I have children similar age. I work from home so luckily that works out if the kids are sick, it was something I factored in when choosing my career. I don’t think I could have arranged childcare around shift work, it would be very stressful.

I guess if your family are relying on you husbands income then it’s important that his job is safe. In my experience uni’s are very flexible in these situations.

what exactly are you falling behind with? If it’s coursework then this may need to be done when kids are asleep or occupied and could you not opt to catch up on student nursing hours missed by night and weekend working?

yentirb · 30/11/2022 05:28

@Leobynature I'm lucky enough that my placement lets me do nights and twilights, and this particular placement is quiet so I can get some of my coursework done.

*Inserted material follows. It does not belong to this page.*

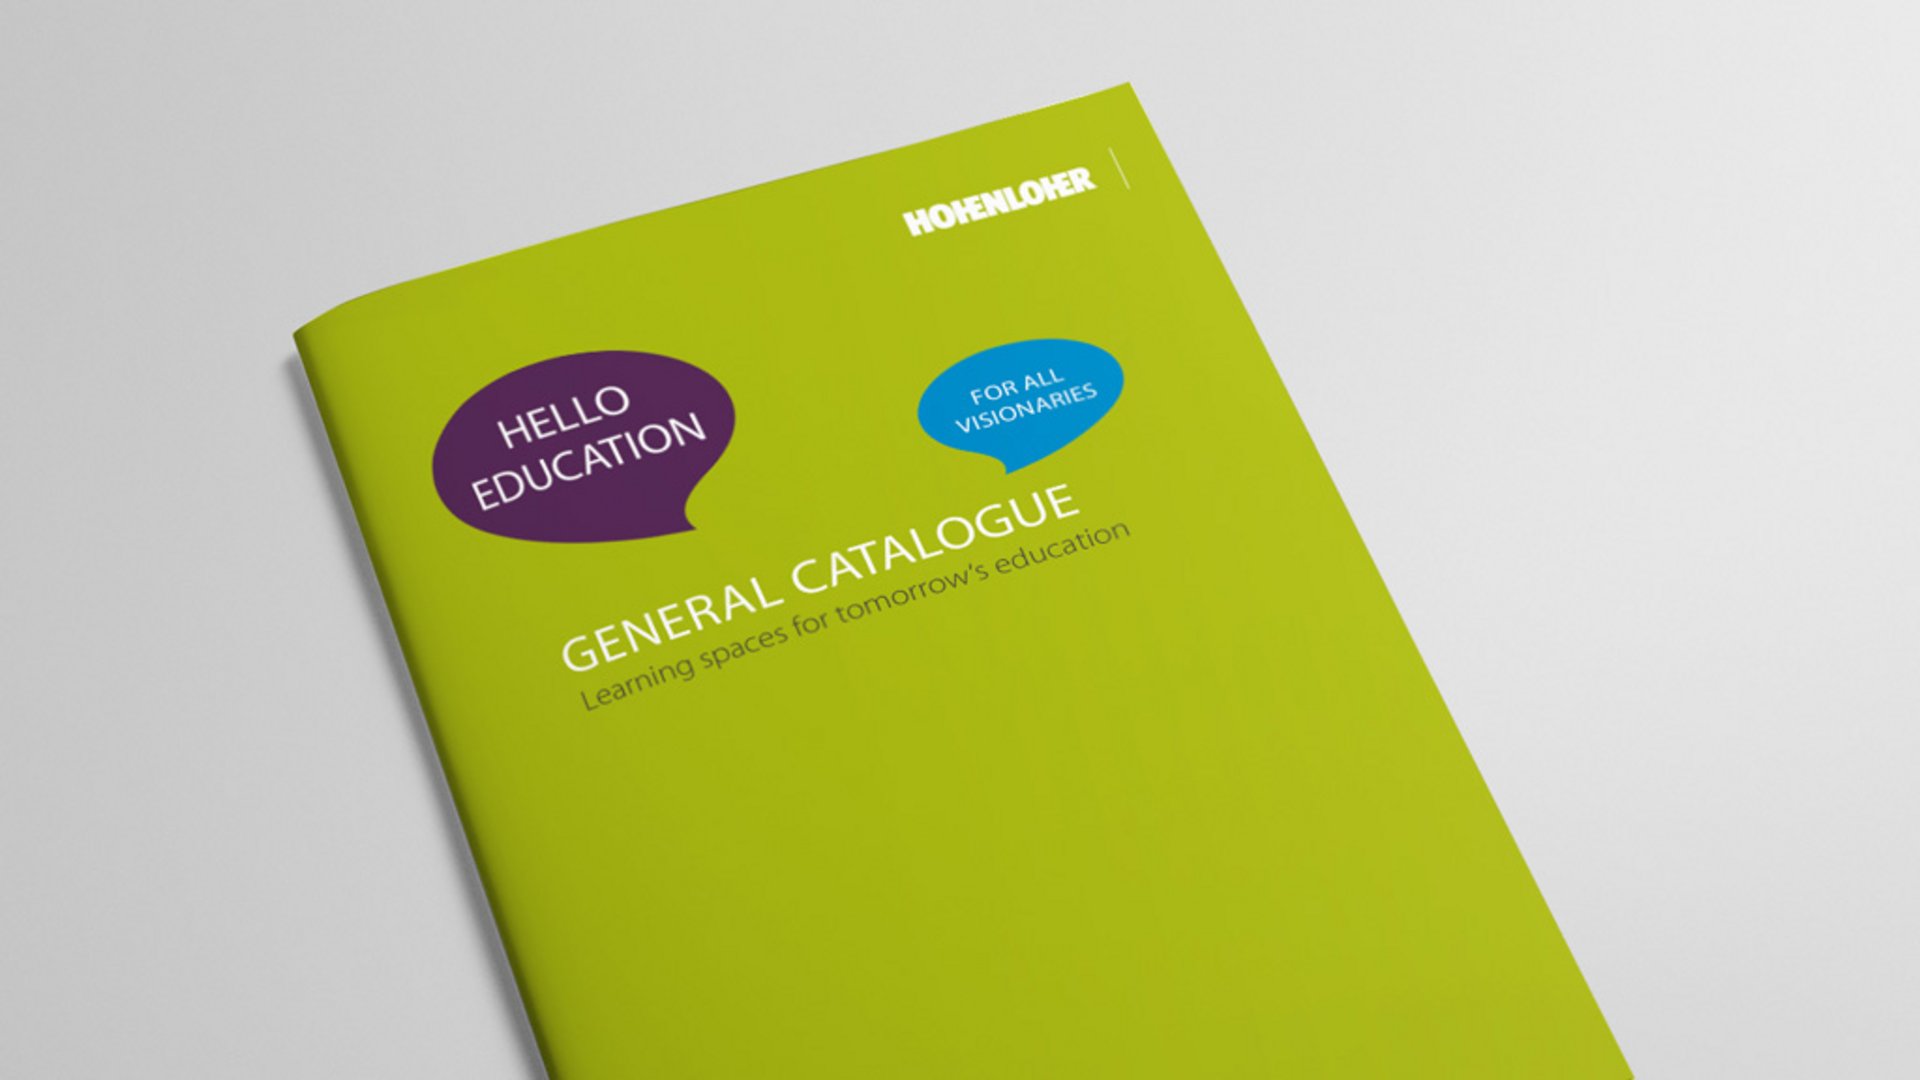 Hohenloher general catalogue

So I'm trying to juggle it around as best I can. Since October we've had covid, vomitting bug twice, hand foot and mouth, ear infections, chest infections and tonsilitis.

I've caught all of them too, so it's definetly been hard. I think I'm incredibly tired and just need to calm my nerves. I have serious health anxiety and depression, I think sleep deprivation has made me question everything and become a bit more low.

It's really hard and I'm struggling.

OP posts:
Leobynature · 30/11/2022 05:39

Things sound like they have been very difficult and you are finding a way to get manage it all. , When you are out of this difficult situation and catch up with your work you may feel more optimistic.